STLF for Flexibility Markets — What Counts as Good and How to Achieve It
TL;DR. “Unknown demand = no market” — short-term load forecasting (STLF) is the enabling layer for every flexibility trade. But the academic answer to what makes a good STLF (low MAPE, hybrid deep-learning models) is the wrong answer for flexibility markets. In a flex market the forecast is not a prediction to be admired — it is a financial instrument whose value is defined entirely by the market’s settlement rules. A 1.47%-MAPE system-load model can be a bad flex-market forecast; a higher-error per-DER probabilistic baseline can be a good one. “Good” here means accurate where errors are expensive, manipulation-resistant where money is at stake, and current at the timing the market clears. And the binding constraint on achieving it in Sweden is not model sophistication — it is data access and organizational capability, not algorithms. This page reframes Load Forecasting through the market-economics lens, drawing on Baseline Methods, Balancing Markets, Demand Response, Submetering, and Distribution System Operator.
The standard answer — and why it misleads
The forecasting literature gives a clear, well-evidenced answer to “what is a good load forecast”: minimize MAPE, and use hybrid ML/DL models to do it. Hybrids consistently beat single methods — LSTM-BPNN reached 1.47% MAPE vs 3.55% for standalone LSTM in one comparative study (Source - Load Forecasting Methods Survey (2025)). Temperature dominates the inputs; CNN-LSTM and LSTM-Transformer architectures are the documented frontier.
This is correct for aggregate system load, and almost beside the point for flexibility markets. Three reasons it misleads:
- The headline accuracy figures are achieved at the transmission/system level, where the law of large numbers smooths thousands of loads into a predictable curve. Flex markets operate at the feeder, household-cluster, and single-DER level, where relative variability is far higher (Source - Load Forecasting Methods Survey (2025)). The very averaging that makes 1.47% achievable disappears at the edge.

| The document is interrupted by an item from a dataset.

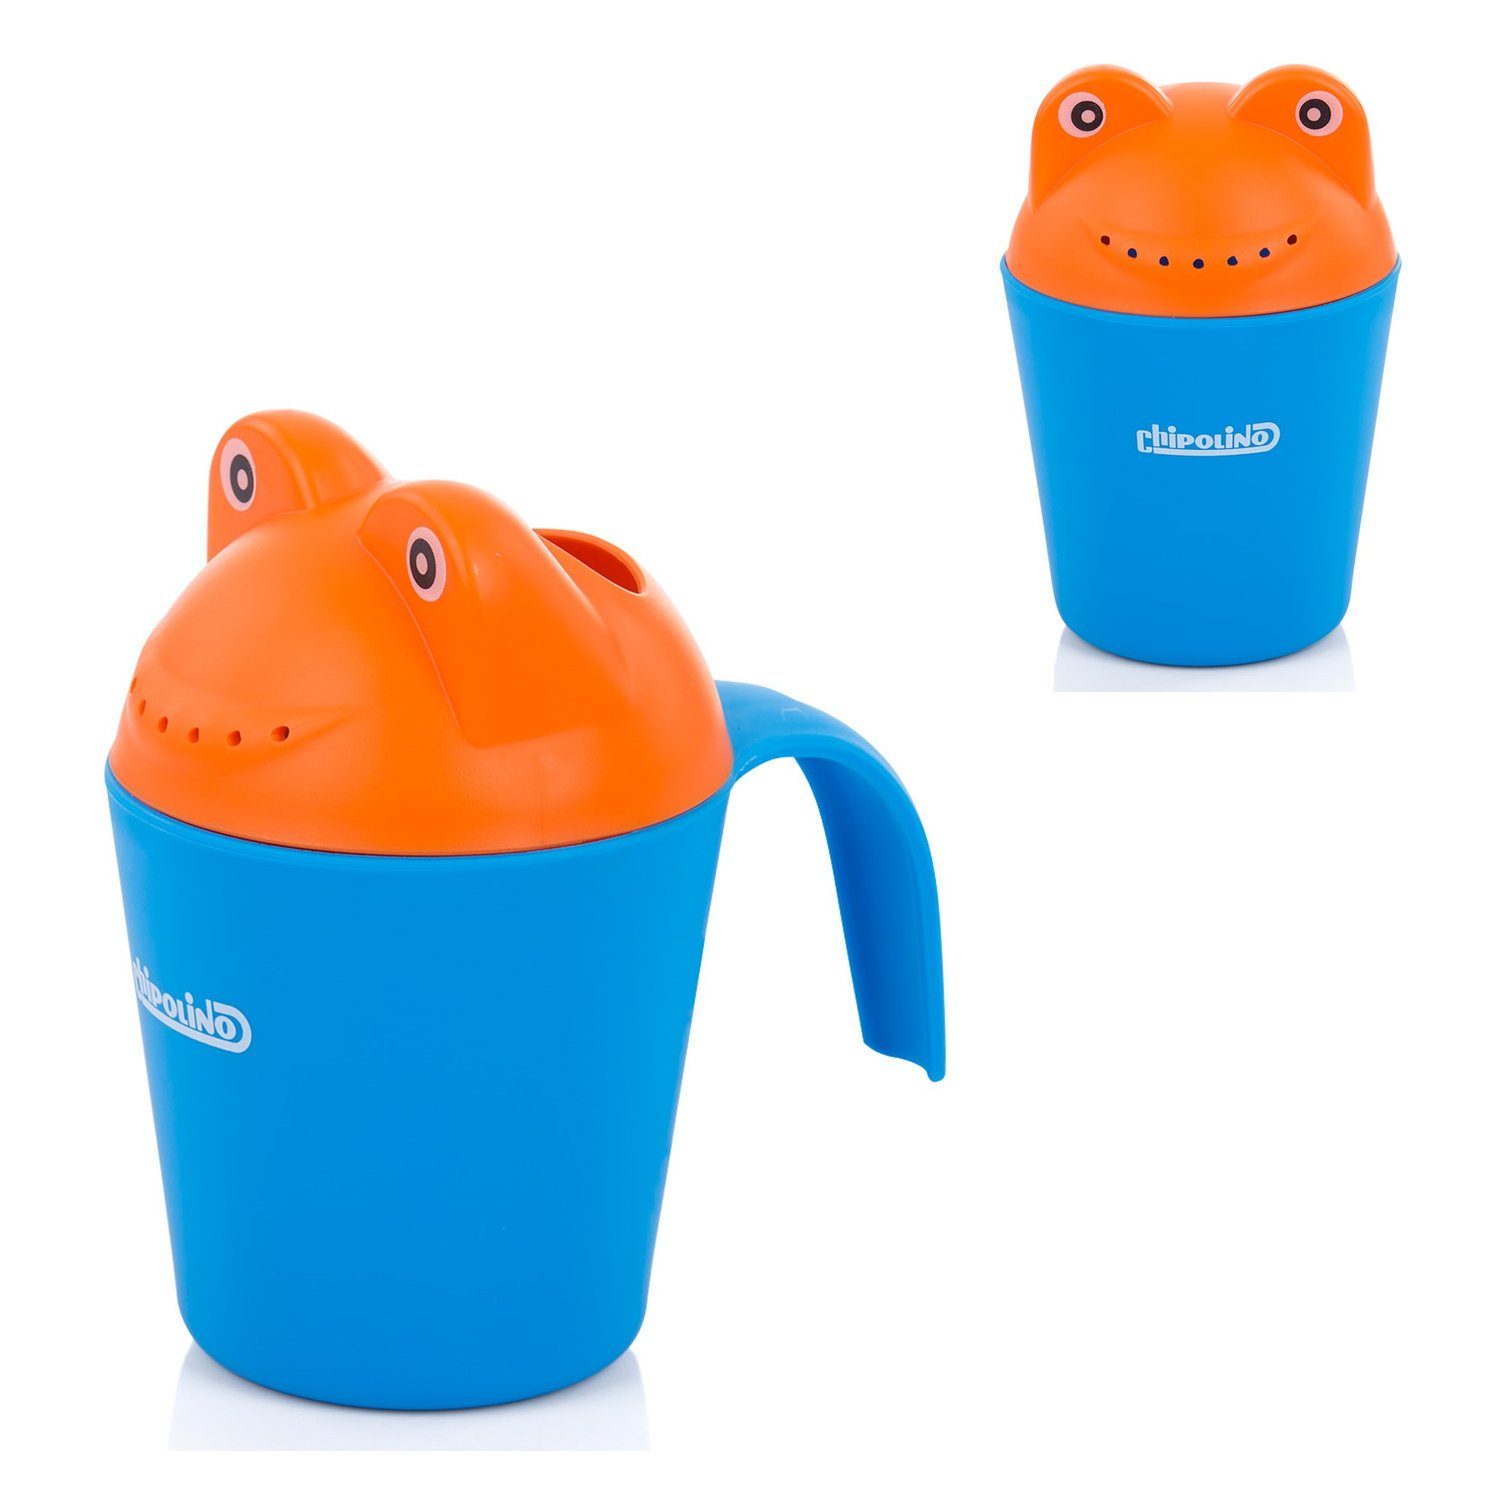 ab 10 Monaten blau Badespielzeug Griff Chipolino weiche Kanten Froggy, Baby Badetasse ergonomischer

- MAPE is a symmetric, average-weighted loss. Flex-market economics are asymmetric, threshold-based, and concentrated in a few hours. The metric optimizes the wrong thing.
- The literature forecasts gross load. Flex markets settle against a counterfactual baseline and a net imbalance position — different objects, with different — and adversarial — properties.
What flex markets actually reward
To define “good,” start from what the market pays for and penalizes. There are two distinct sides, with two distinct “good”s.
DSO / buyer side — the forecast creates the order. A DSO procures flexibility because it forecasts a specific grid segment will exceed its limit in a specific window; for availability products (LFM-h/p) the forecast defines the activation window in the product itself (Load Forecasting › Why forecasting matters for flexibility markets). A good DSO forecast correctly identifies which hours and which locations are congestion-risk. Error means buying flexibility that isn’t needed, or missing congestion entirely. This is feeder/segment-level, weather- and DER-inventory-driven.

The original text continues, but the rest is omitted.